Moon v Lafferty is an unsuccessful claim for discovery before commencement. The background of the claim is a family estrangement. The applicants’ mother settled a trust during her life and gifted $300,000 to that trust from a settlement of $388,871 the deceased received from litigation between her and her daughter Jessica (one of the applicants).
No provision was made for the applicants in their mother’s will and they are seeking information including documents necessary to file a claim under the Family Protection Act 1955.
As noted at :
An applicant for pre-commencement discovery must satisfy the Court that:
(a) they are or maybe entitled to bring a claim;
(b) it is impossible or impracticable to formulate the claim without reference to certain documents;
(c) there are grounds to believe the documents are or were in the control of the respondents; and
(d) an order is necessary at the time.
By way of further background:
 The principal asset the deceased had during her life appears to have been the settlement proceeds. The deceased’s lawyers have confirmed that $300,000 from the settlement was gifted to her Trust. The property she was living in at the date of death was owned by the Trust. There is no suggestion the deceased had other substantial assets. There is some reference to chattels and antiques, but again Linden Lafferty as a trustee of the estate has deposed to the chattels held by the estate and provided a schedule. He has also deposed that his mother sold other chattels to him during her life. While the applicants do not accept the evidence deposed to by their brother and as recorded by the solicitor’s letter, that is the evidence before the Court and without more that suspicion by the applicants does not support the orders sought.
Importantly the purpose of orders for pre-trial discovery is not to enable applicants to test evidence, the purpose is to enable a party to formulate a claim.
The fundamental issue faced by the applicants was that unless there is a basis for clawing gifted assets back into the estate, any claim that might be able to be made under the Family Protection Act is rendered nugatory. Disposal of assets and whether there should be anti-avoidance provisions to redress this were considered by the Law Commission in its review of Succession Law carried out in the late 1990’s. See Succession Law Testamentary Claims (preliminary paper 24) at  and 
Anti-avoidance: enforcing duties to make provision
342 Our present proposals apply only where the will-maker has a clear duty to do something for a potential claimant. Any attempt to evade that responsibility should not be viewed favourably (see, eg, provisions for restraining or setting aside dispositions during the will-maker’s lifetime in Child Support Act 1991 ss 200–201; Matrimonial Property Act 1976 ss 44–45). Yet there is nothing in any of the present Acts dealing with testamentary claims which would prevent a will-maker from putting assets beyond the reach of claimants. Illustrations of anti-avoidance provisions for testamentary claims are found in overseas legislation including the Inheritance (Provision for Family and Dependants) Act 1975 (England) ss 10–13, the Family Provision Act 1982 (New South Wales) Division 2 and the Uniform Probate Code (1990 Revision) § 2–202.

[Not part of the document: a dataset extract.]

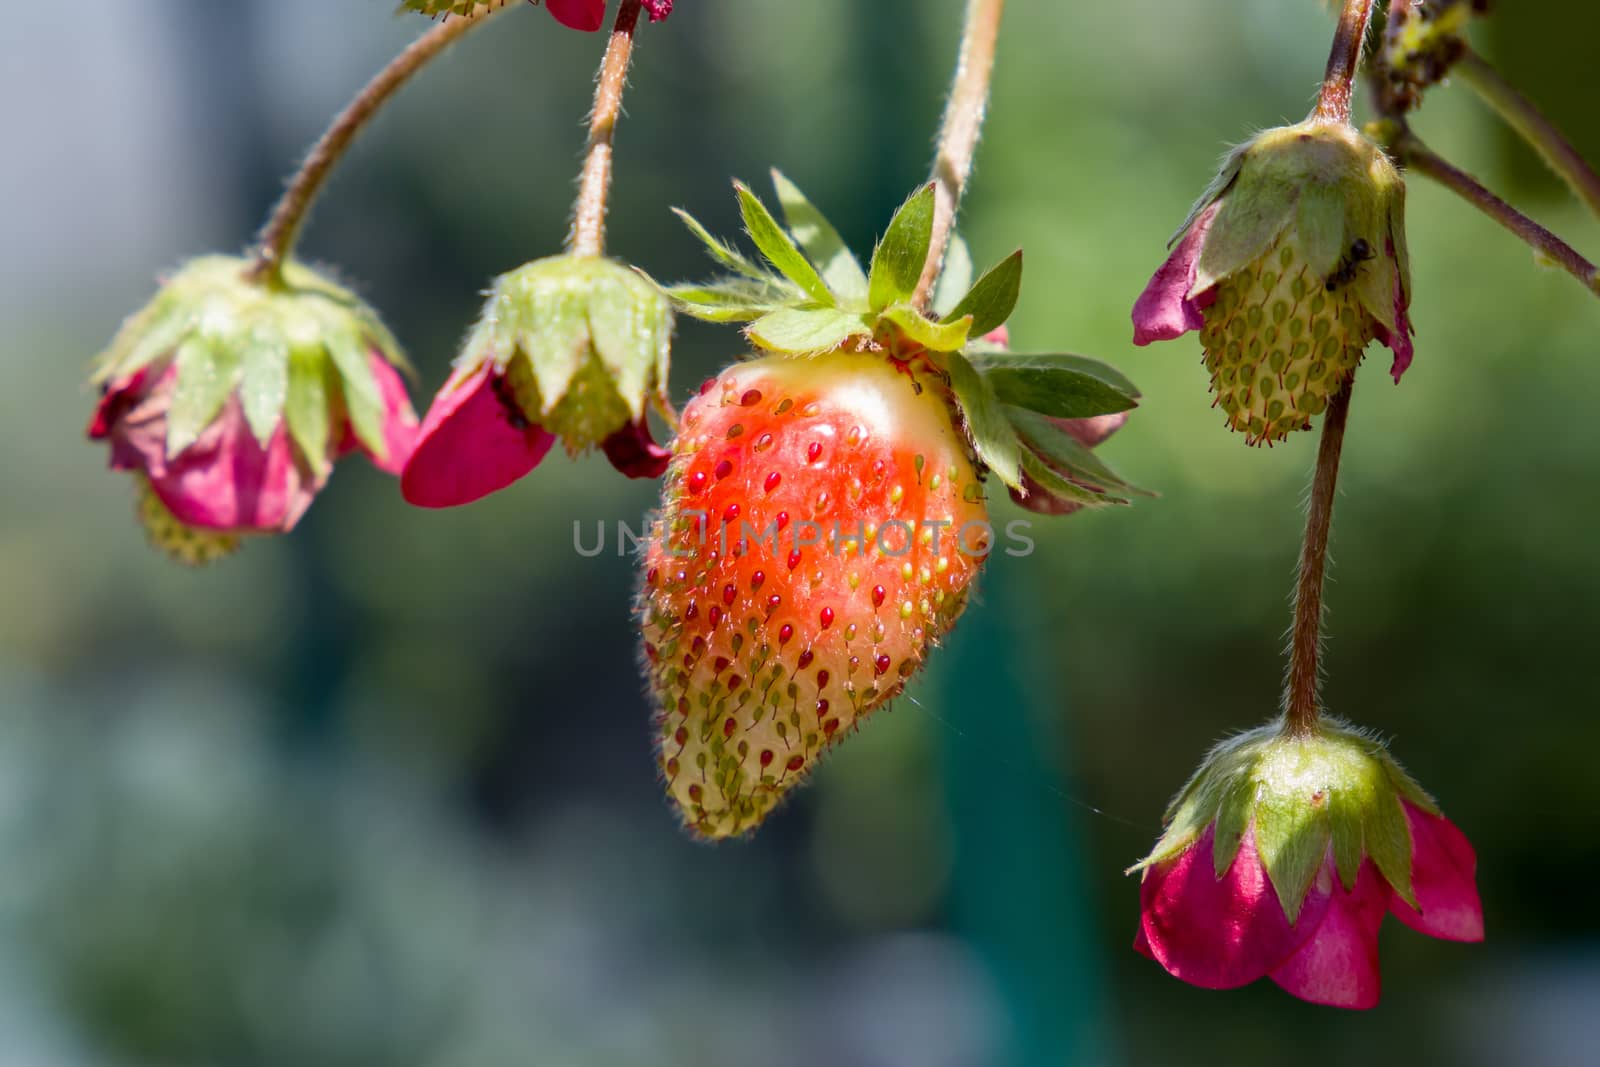 Strawberries forming and ripening in sun.

343 Anti-avoidance provisions must achieve an appropriate balance between preventing people from avoiding their testamentary obligations, and protecting certainty and reasonable expectations arising out of property transfers made by will-makers during their lifetime.
To satisfy awards on testamentary claims, claimants should be able to apply after the will-maker’s death to bring back into the estate property comprised in dispositions by the will-maker:
• for less than full value made within three years before the will-maker’s death, and
• made at any time with a view to putting assets beyond the reach of any testamentary claimant, or otherwise prejudicing the interests of a testamentary claimant.
Bona fide purchasers acquiring an interest in the property will be protected, as will those who have acted to their detriment believing in the validity of the disposition.
Also consider D and E Limited v A, which raised the argument that an inter vivos transfer of assets could be in breach of fiduciary duties owed by a parent to children. As noted by the Court of Appeal at :
“We agree with the Associate Judge that the respondents’ proceedings will require a careful evaluation of whether the evidence demonstrates the respondents’ claim that Z owed them a fiduciary duty at the time he transferred most of his assets to the Trust. While the claims by the respondents may be novel, they are very dependent upon whether or not they are able to establish the facts necessary to underpin their claim that Z owed them fiduciary duties.”